Volume 61| Part 11| November 2005| Pages i243-i245

https://doi.org/10.1107/S1600536805029296

Redetermination of CaB₈O₁₁(OH)₄ at low temperature

Seth B. Wiggin ^a and Mark T. Weller ^a ^*

^aSchool of Chemistry, University of Southampton, Southampton SO17 1BJ, England
^*Correspondence e-mail: mtw@soton.ac.uk

(Received 31 August 2005; accepted 15 September 2005; online 27 October 2005)

The structure of CaB₈O₁₁(OH)₄ (calcium octaborate tetrahydroxide) [Zayakina & Brovkin (1978 ). Kristallografiya, 23, 1167–1170] has been redetermined at 120 (2) K with improved precision. The O—H⋯O hydrogen-bonding arrangement has been established, based on freely refined H-atom positions.

Comment

During the investigation of templated boroarsenate frameworks, single crystals of the known (Zayakina & Brovkin, 1978) title compound, (I) (Fig. 1), were obtained from a molten salt reaction of CaCl₂, H₃BO₃ and NH₄(H₂AsO₄). This redetermination at 120 (2) K offers a significantly better structural model and the H-atom positions and hydrogen-bonding scheme have been established. There is also an isostructural strontium material, strontioborite, reported by Brovkin et al. (1975 ).

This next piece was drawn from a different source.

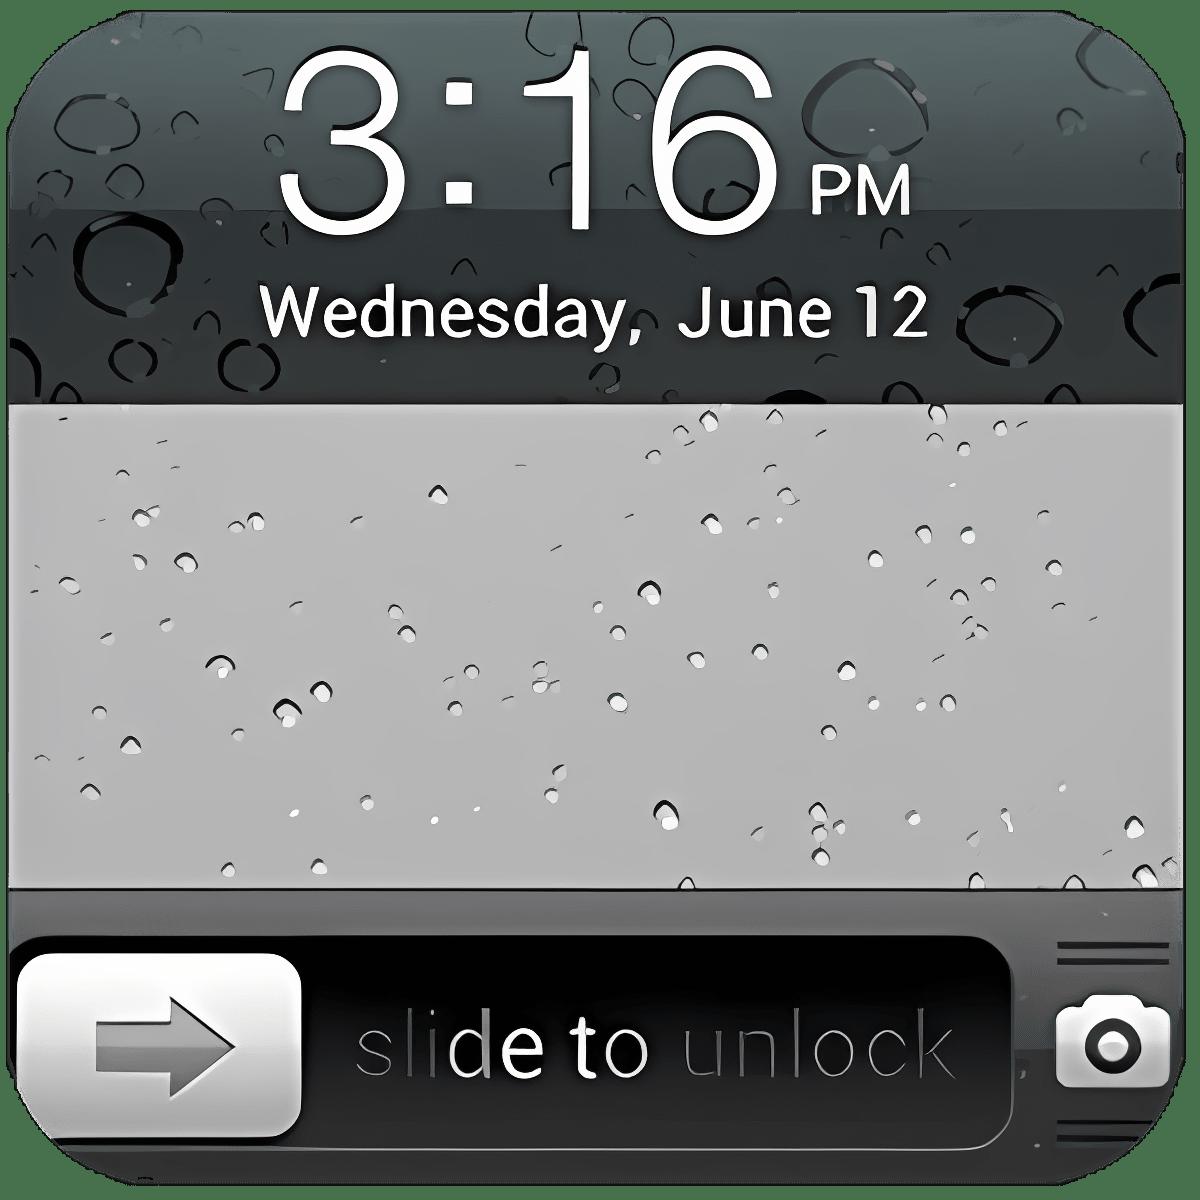 iPhone 5s Lock Screen 3.90
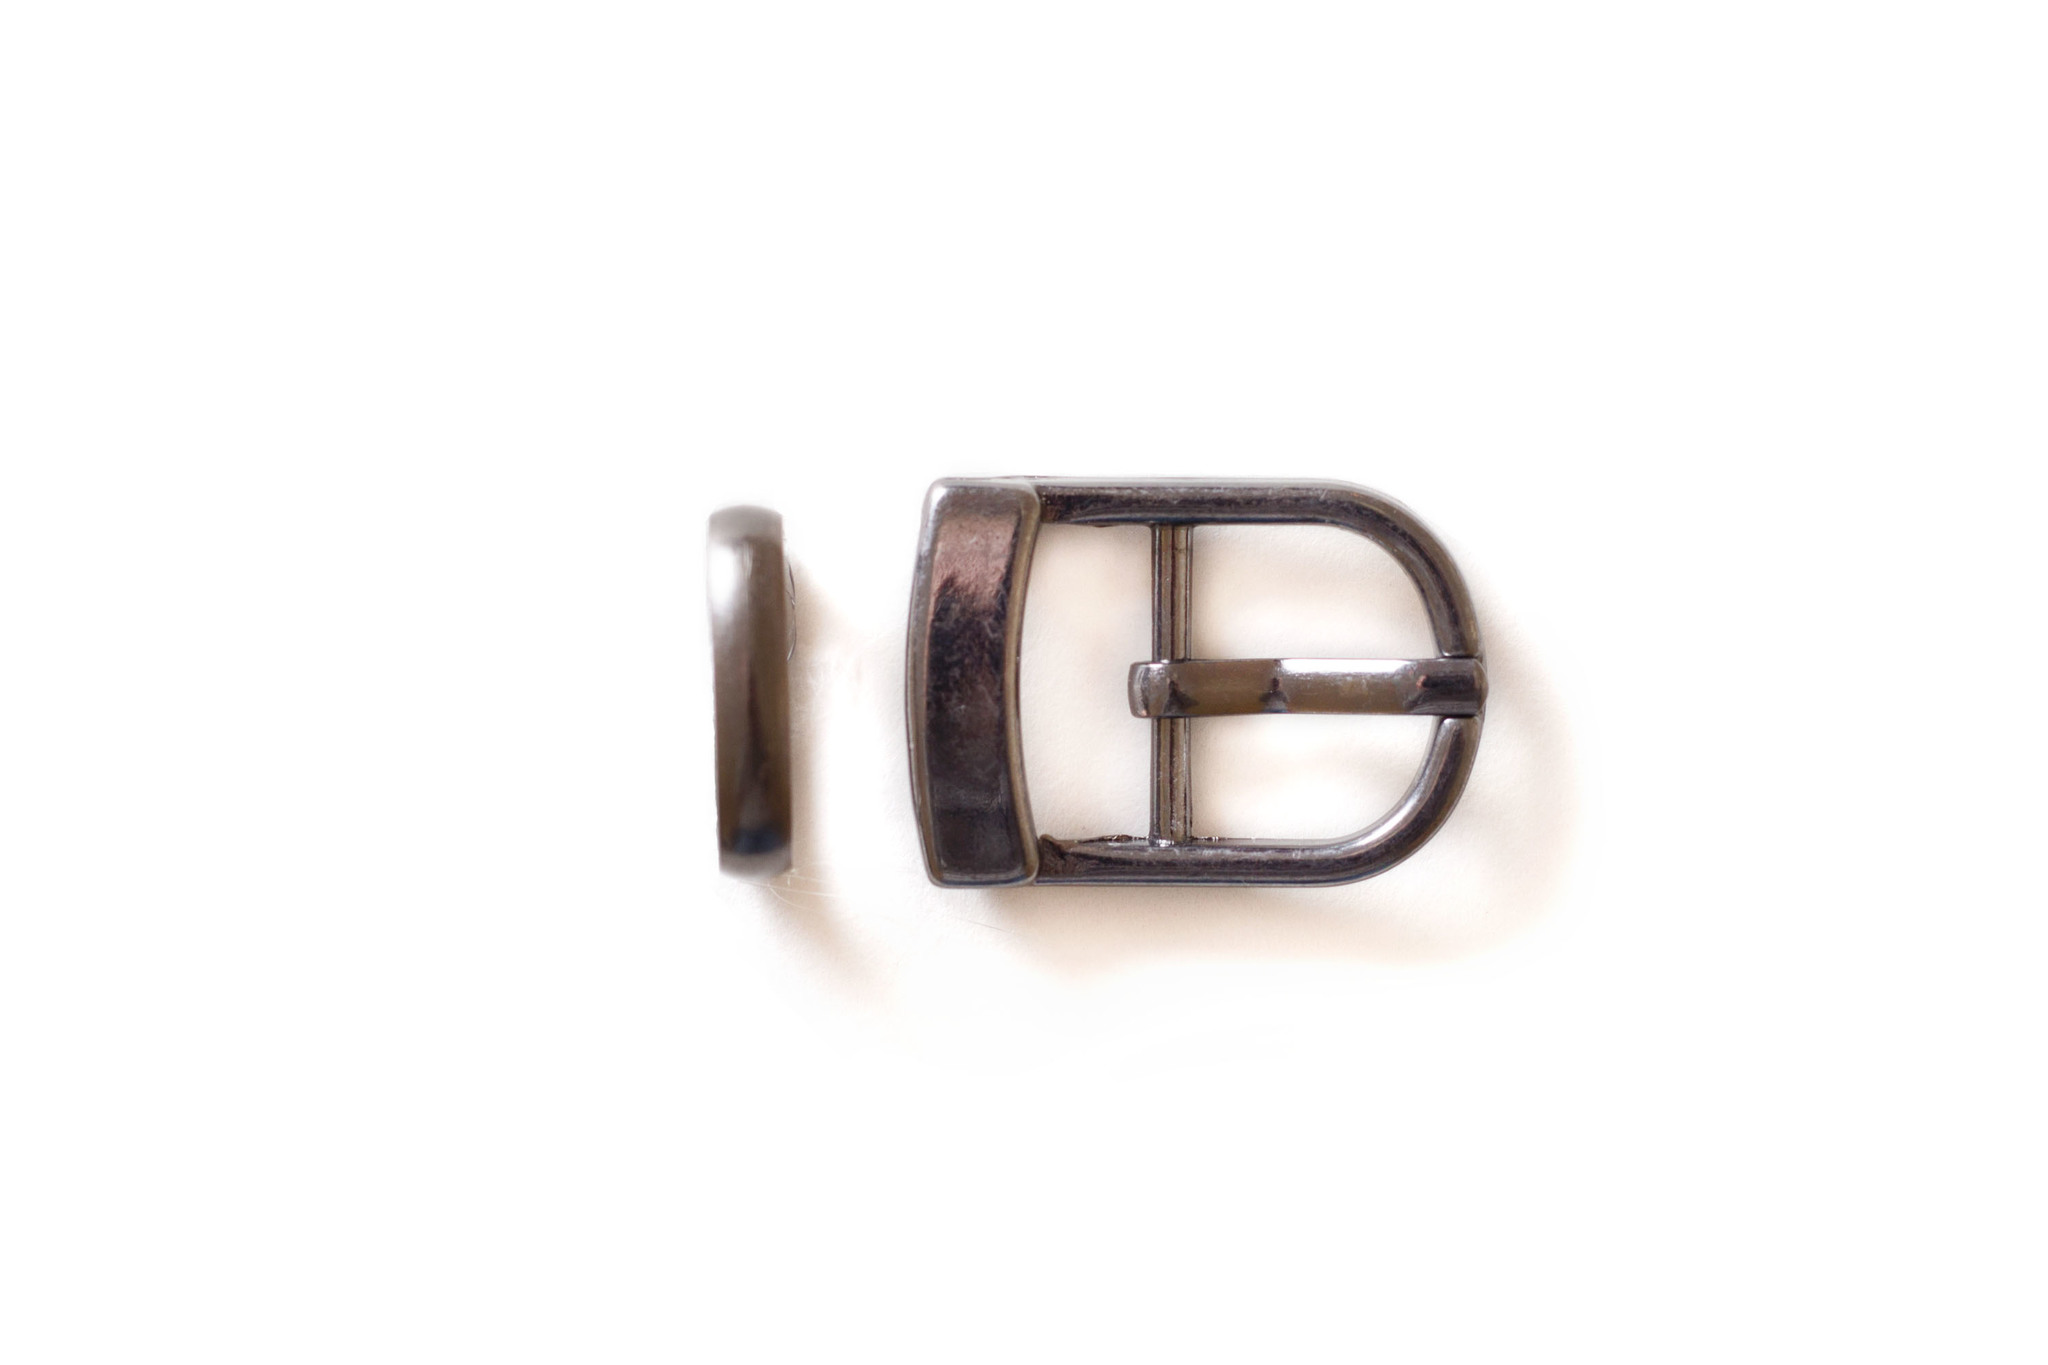 Пряжка со шлевкой 15 мм, темный никель

The structure of (I) can be described in terms of linked triple six-rings of stoichiometry B₆O₁₂H with a pendant H₃B₂O₅ group, as shown in Fig. 2. The three-coordinate O8 species (Table 1) is a distinctive feature of these units. Each of these triple-six-ring units have six O atoms that do not contribute to the ring formation. One of these forms a hydroxide grouping, four link to further similar units to form a sheet in the bc plane and the last bridges to an H₃B₂O₅ unit that is located outside the plane. The triple six-ring unit has two of the rings in the bc plane, while the third is below this plane. The out-of-plane ring has the hydroxide group attached, forming, along with the pendant H₃B₂O₅ unit, an extensive hydrogen-bonding network between the borate sheets (Table 2). There are six distinct hydrogen bonds per unit, with O⋯O distances ranging from 2.585 (3) to 2.917 (4) Å. This network connects four adjacent B₈O₁₁(OH)₄ units to a central unit, as shown in Fig. 2.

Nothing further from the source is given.